Along with the set of pyramids and elongated pyramids, these figures are topologically self-dual.

It can also be seen as an augmented n-gonal antiprism, with a n-gonal pyramid augmented onto one of the n-gonal faces, and whose height is adjusted so the upper antiprism triangle faces can be made coparallel to the pyramid faces and merged into kite-shaped faces.

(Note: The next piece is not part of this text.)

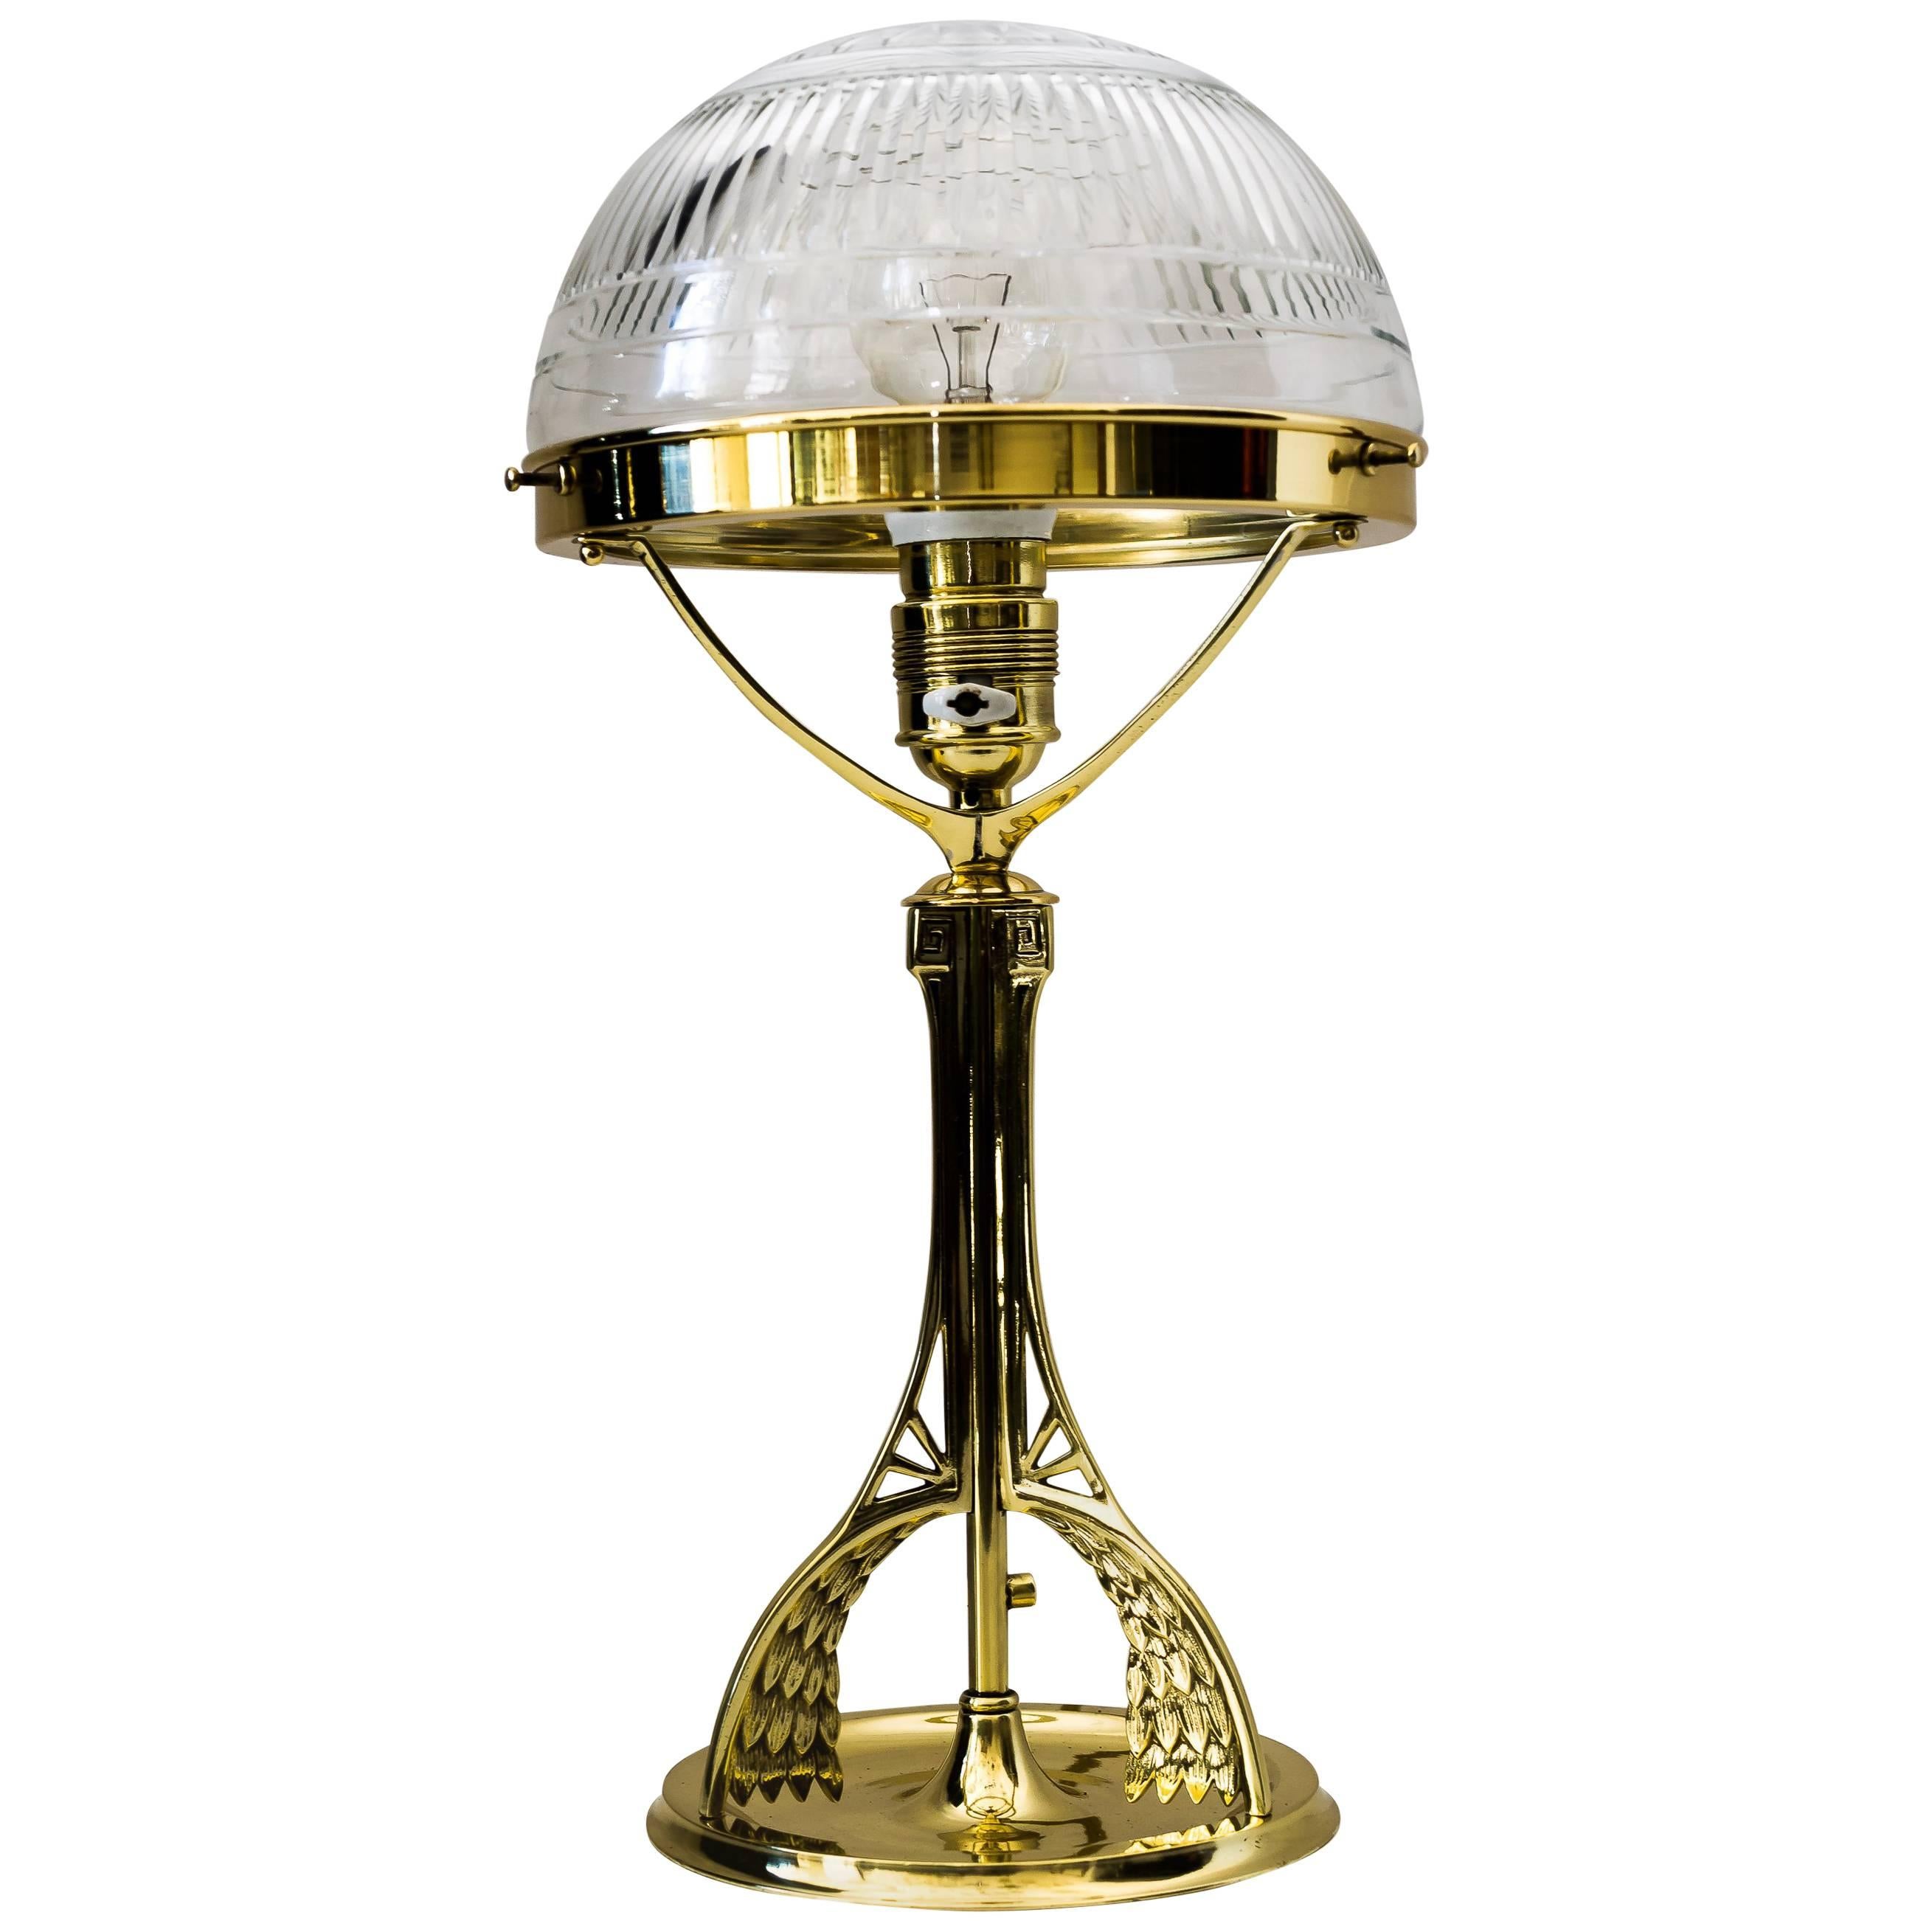 Art Nouveau Table Lamp with Original Cut-Glass, circa 1908 For Sale

They're also related to the gyroelongated pyramids, as augmented antiprisms and which are Johnson solids for n = 4, 5. This sequence has sets of two triangles instead of kite faces.

== Examples==

Diminished trapezohedra
| Symmetry | C_{3v} | C_{4v} | C_{5v} | C_{6v} | C_{7v} | C_{8v} ... |
| Image |  |  |  |  |  |
| Rhombic form |  |  |  |  |  |  |
| Net |  |  |  |  |  |  |
| Faces | 3 trapezoids 3+1 triangles | 4 trapezoids 4 triangles 1 square | 5 trapezoids 5 triangles 1 pentagon | 6 trapezoids 6 triangles 1 hexagon | 7 trapezoids 7 triangles 1 heptagon | 8 trapezoids 7 triangles 1 octagon |
| Edges | 12 | 16 | 20 | 24 | 28 | 32 |
| Vertices | 7 | 9 | 11 | 13 | 15 | 17 |
Trapezohedra
| Symmetry | D_{3d} | D_{4d} | D_{5d} | D_{6d} | D_{7d} | D_{8d} |
| Image | 3 | 4 | 5 | 6 |  |  |
| Faces | 3+3 rhombi (Or squares) | 4+4 kites | 5+5 kites | 6+6 kites | 7+7 kites |  |
| Edges | 12 | 16 | 20 | 24 | 28 |  |
| Vertices | 8 | 10 | 12 | 14 | 16 |  |
Gyroelongated pyramid or (augmented antiprisms)
| Symmetry | C_{3v} | C_{4v} | C_{5v} | C_{6v} | C_{7v} | C_{8v} |
| Image | 3 | 4 | 5 | 6 |
| Faces | 9+1 triangles | 12 triangles 1 squares | 15 triangles 1 pentagon | 18 triangles 1 hexagon |  |

== Special cases ==

There are three special case geometries of the diminished trigonal trapezohedron. The simplest is a diminished cube. The Chestahedron, named after artist Frank Chester, is constructed with equilateral triangles around the base, and the geometry adjusted so the kite faces have the same area as the equilateral triangles. The last can be seen by augmenting a regular tetrahedron and an octahedron, leaving 10 equilateral triangle faces, and then merging 3 sets of coparallel equilateral triangular faces into 3 (60 degree) rhombic faces. It can also be seen as a tetrahedron with 3 of 4 of its vertices rectified. The three rhombic faces fold out flat to form half of a hexagram.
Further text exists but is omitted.